Hello and welcome to the last week of Riptide Publishing’s Warriors of Rome month! We’re Heidi Belleau and Violetta Vane, and all week, we’ll be posting across the web chatting about our heartpounding new novel Mark of the Gladiator, Roman history in general, and dropping a few sexy gladiator-related surprises along the way! For a complete tour listing, please check out the Riptide website, but first, read on for today’s post, and don’t forget to leave us a comment for today’s chance at winning our week-long contest!
Thank you so much to our hosts for having us, and to all of you for reading along!
Roman Poetry, Filthy and Sublime
By Violetta Vane
I started learning Latin in a fairly traditional way, with Julius Caesar’s Commentaries. This is a first-hand account of the Roman invasion of Gaul, historically crucial but terribly dry in terms of prose. You might have heard of the famous opening line:
All Gaul is divided into three parts.
If you stick with it, though, Latin gets a lot more racy. There’s a wealth of amazing love poetry. The Romans learned from the Greeks and added their own unique spin on themes of desire and obsession.
My sweetest Lesbia, let us live and love,
And though the sager sort our deeds reprove,
Let us not weigh them. Heaven’s great lamps do dive
Into their west, and straight again revive.
But, soon as once set our little light,
Then must we sleep one ever-during night.
The poet Catullus wrote these lines sometime around 50BCE. The same argument appears again and again in poetry. It’s that classic connection between love and death: “We’ll die soon, so let’s get it on now!” His love for Lesbia can’t survive death, represented by the setting of the sun, but it’s stronger than any strictures of morality or society. A good Roman man isn’t supposed to go crazy for love, but Catullus doesn’t give a damn.
A lot of this sort of poetry is dedicated to love between men, as well. Tibullus, a poet writing around the same time, gives seduction instructions via wrestling practice in these lines:
If he wants to fight, try to play at it with a light hand:
often leave your flank exposed so he can win.

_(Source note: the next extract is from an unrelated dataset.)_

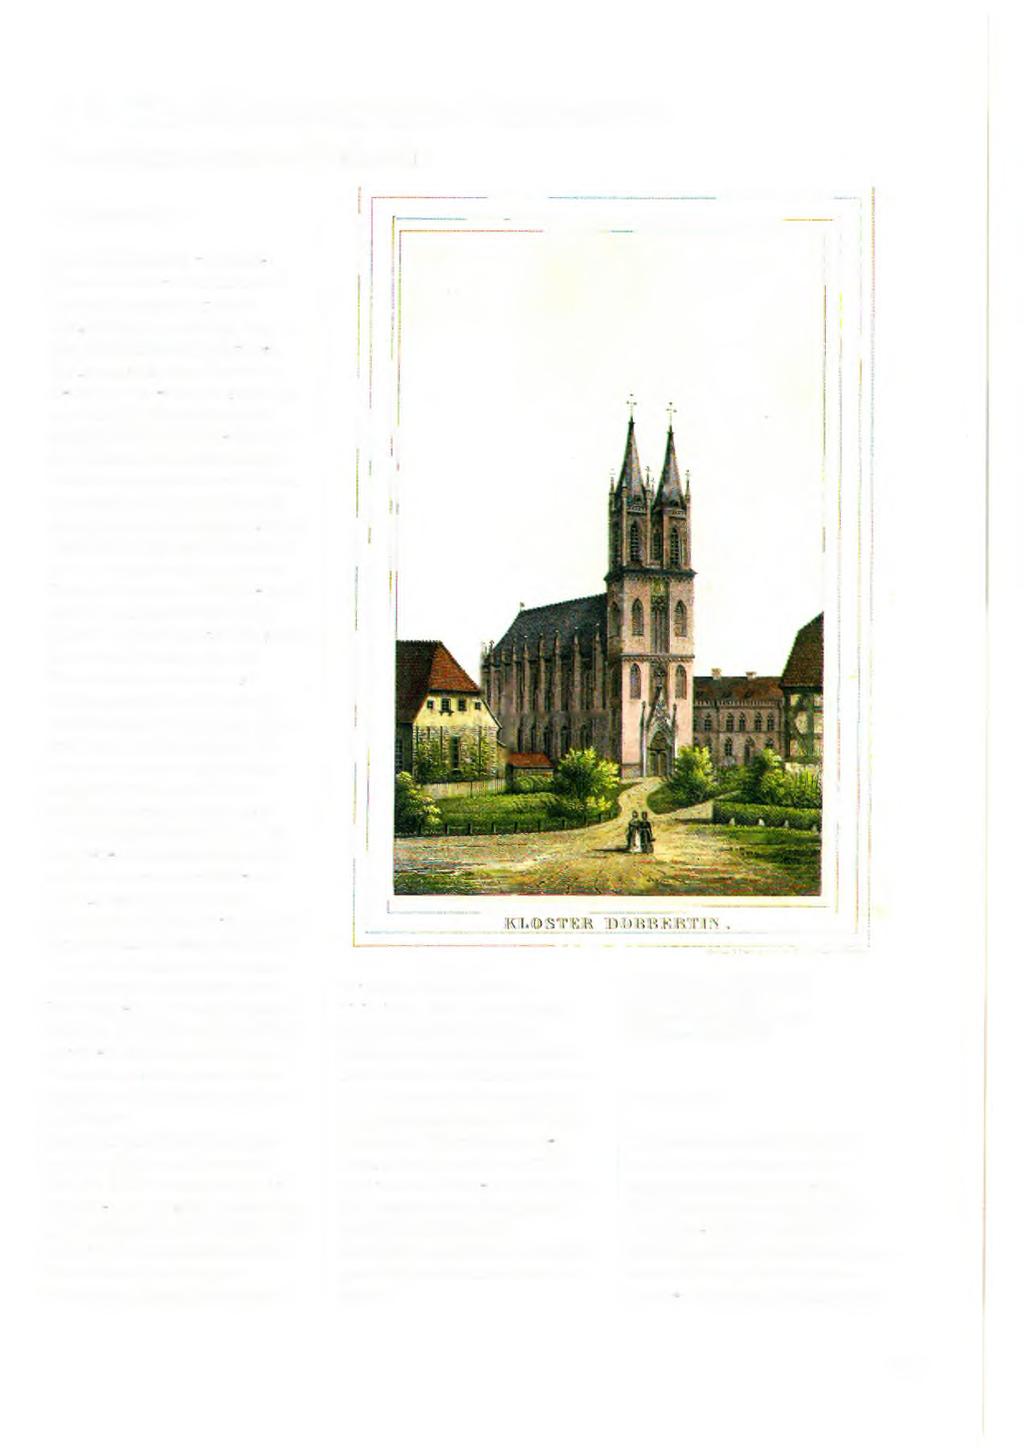 7.2 Die Klosterkirche Dobbertin The cloister church of Dobbertin Zur Geschichte L is c h (1837) schrieb zur Kirche: Das Aeußere der alten Kirche mit dem grauen Abputz hat nichts Merkwürdiges, sondern

Then he’ll be gentle with you, then you may snatch
that precious kiss: he’ll struggle but let you take it.
At first he’ll let you snatch it, later he’ll bring it himself
when asked, and then even want to hang about your neck.
A lot of Roman poetry was surprisingly plain-spoken and confessional in tone, touching on subjects we don’t imagine should belong in poetry. There was hate poetry as well as love poetry, and gangster rap style braggadocio. Here’s another poem by Catullus, warning a rival:
Aurelius, father of hungers,
you desire to fuck,
not just these, but whoever my friends
were, or are, or will be in future years.
not secretly: now at the same time as you joke
with one, you try clinging to him on every side.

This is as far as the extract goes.